Regulation of glutamate transporter GLT-1 by MAGI-1

Abstract

The sodium-dependent glutamate transporter, glutamate transporter subtype 1 (GLT-1) is one of the main glutamate transporters in the brain. GLT-1 contains a COOH-terminal sequence similar to one in an isoform of Slo1 K(+) channel protein previously shown to bind MAGI-1 (membrane-associated guanylate kinase with inverted orientation protein-1). MAGI-1 is a scaffold protein which allows the formation of complexes between certain transmembrane proteins, actin-binding proteins, and other regulatory proteins. The glutathione S-transferase pull-down assay demonstrated that MAGI-1 was a binding partner of GLT-1. The interaction between MAGI-1 and GLT-1 was confirmed by co-immunoprecipitation. Immunofluorescence of MAGI-1 and GLT-1 demonstrated that the distribution of MAGI-1 and GLT-1 overlapped in astrocytes.
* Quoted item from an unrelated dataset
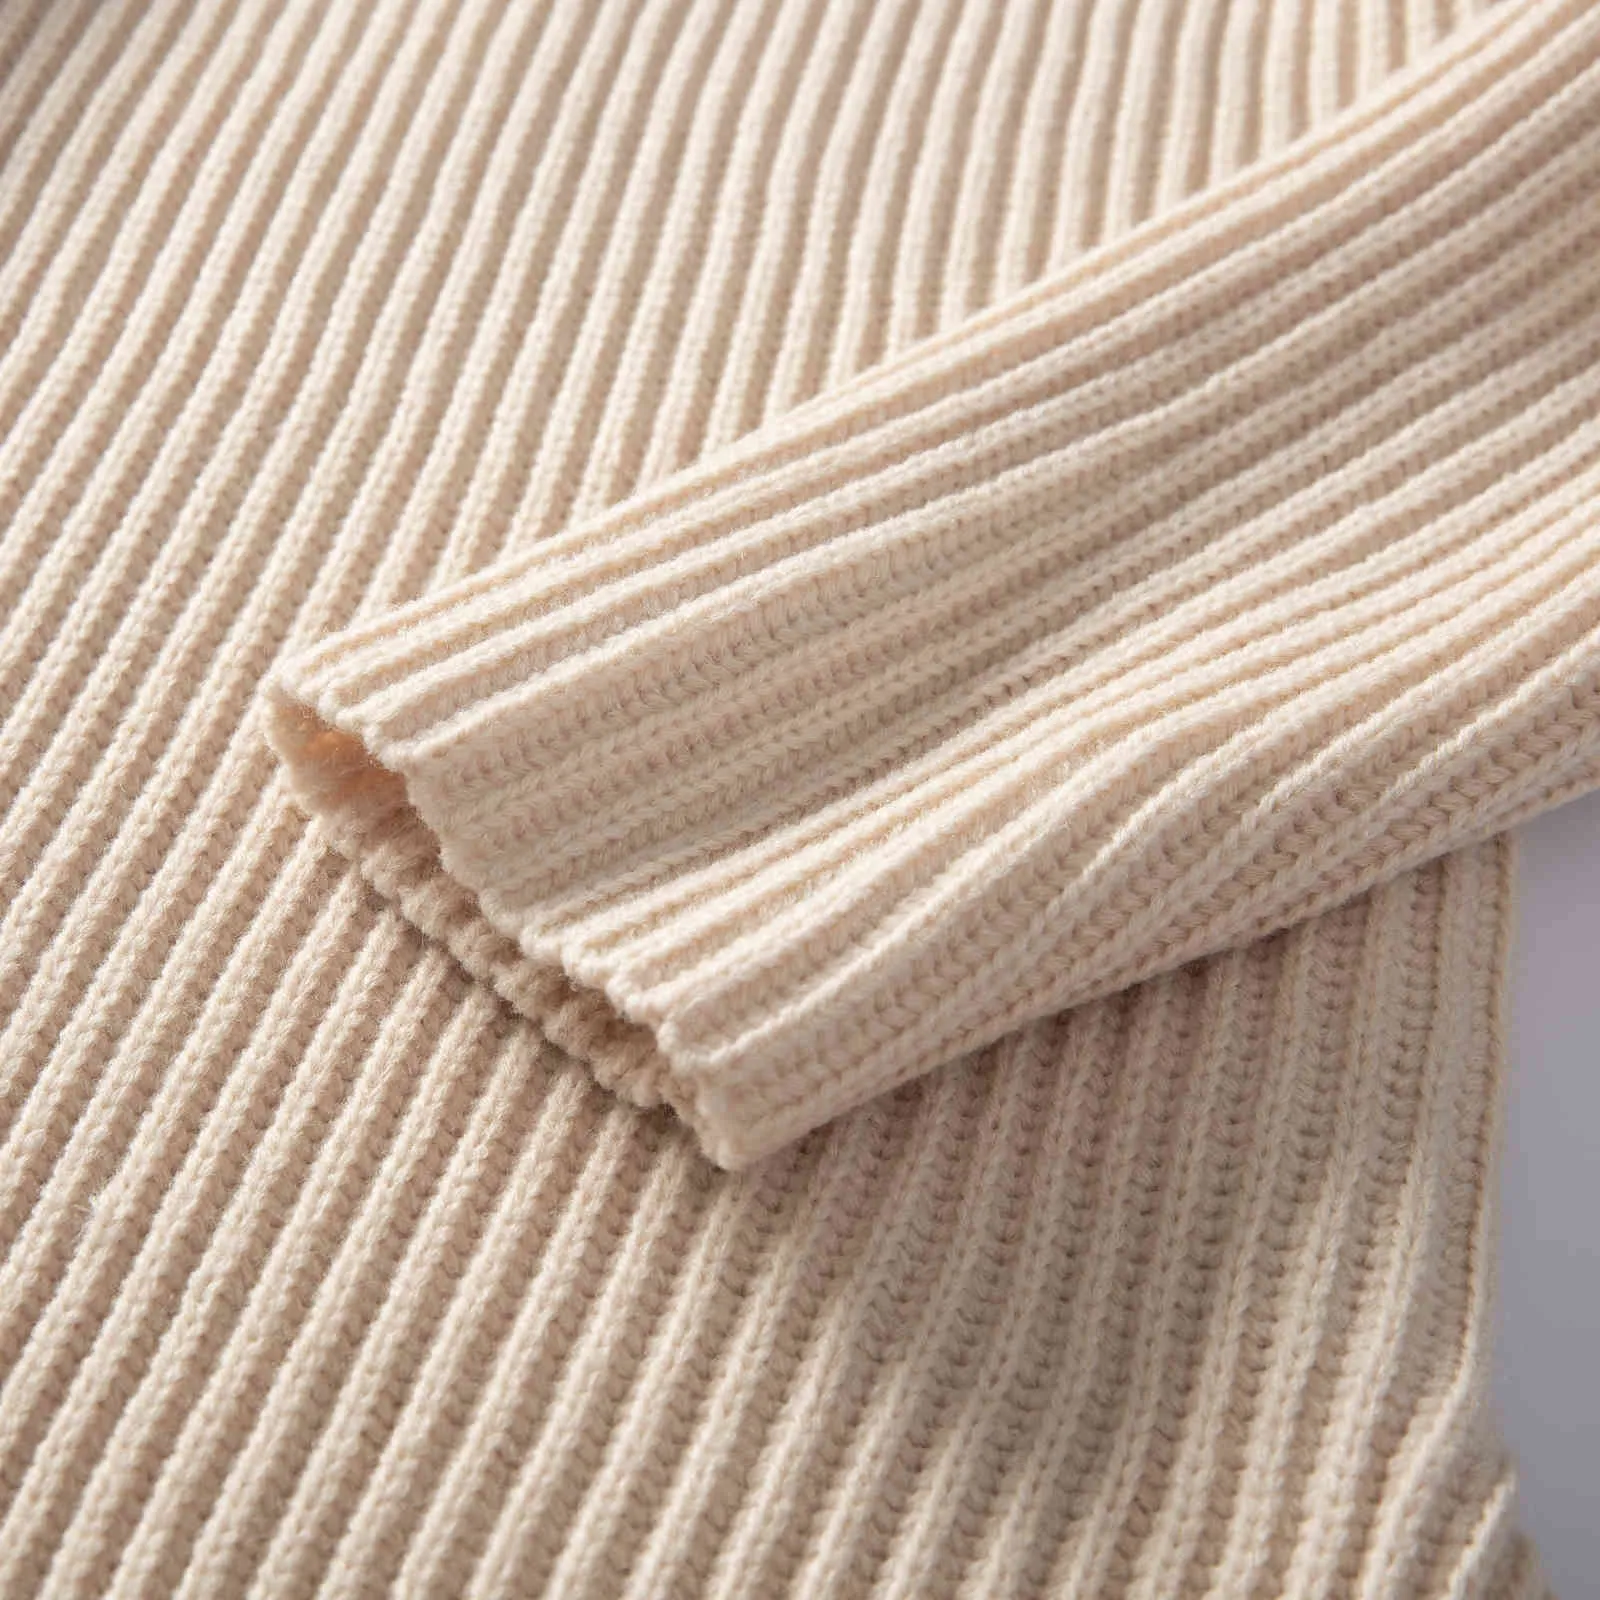 2021 automne hiver nouveau design laine pull femmes mode ample épais chaud col roulé pulls femme pull Y1110

Co-expression of MAGI-1 with GLT-1 in C6 Glioma cells resulted in a significant reduction in the surface expression of GLT-1, as assessed by cell-surface biotinylation. On the other hand, partial knockdown of endogenous MAGI-1 expression by small interfering RNA in differentiated cultured astrocytes increased glutamate uptake and the surface expression of endogenous GLT-1. Knockdown of MAGI-1 increased dihydrokainate-sensitive, Na(+) -dependent glutamate uptake, indicating that MAGI-1 regulates GLT-1 mediated glutamate uptake. These data suggest that MAGI-1 regulates surface expression of GLT-1 and the level of glutamate in the hippocampus.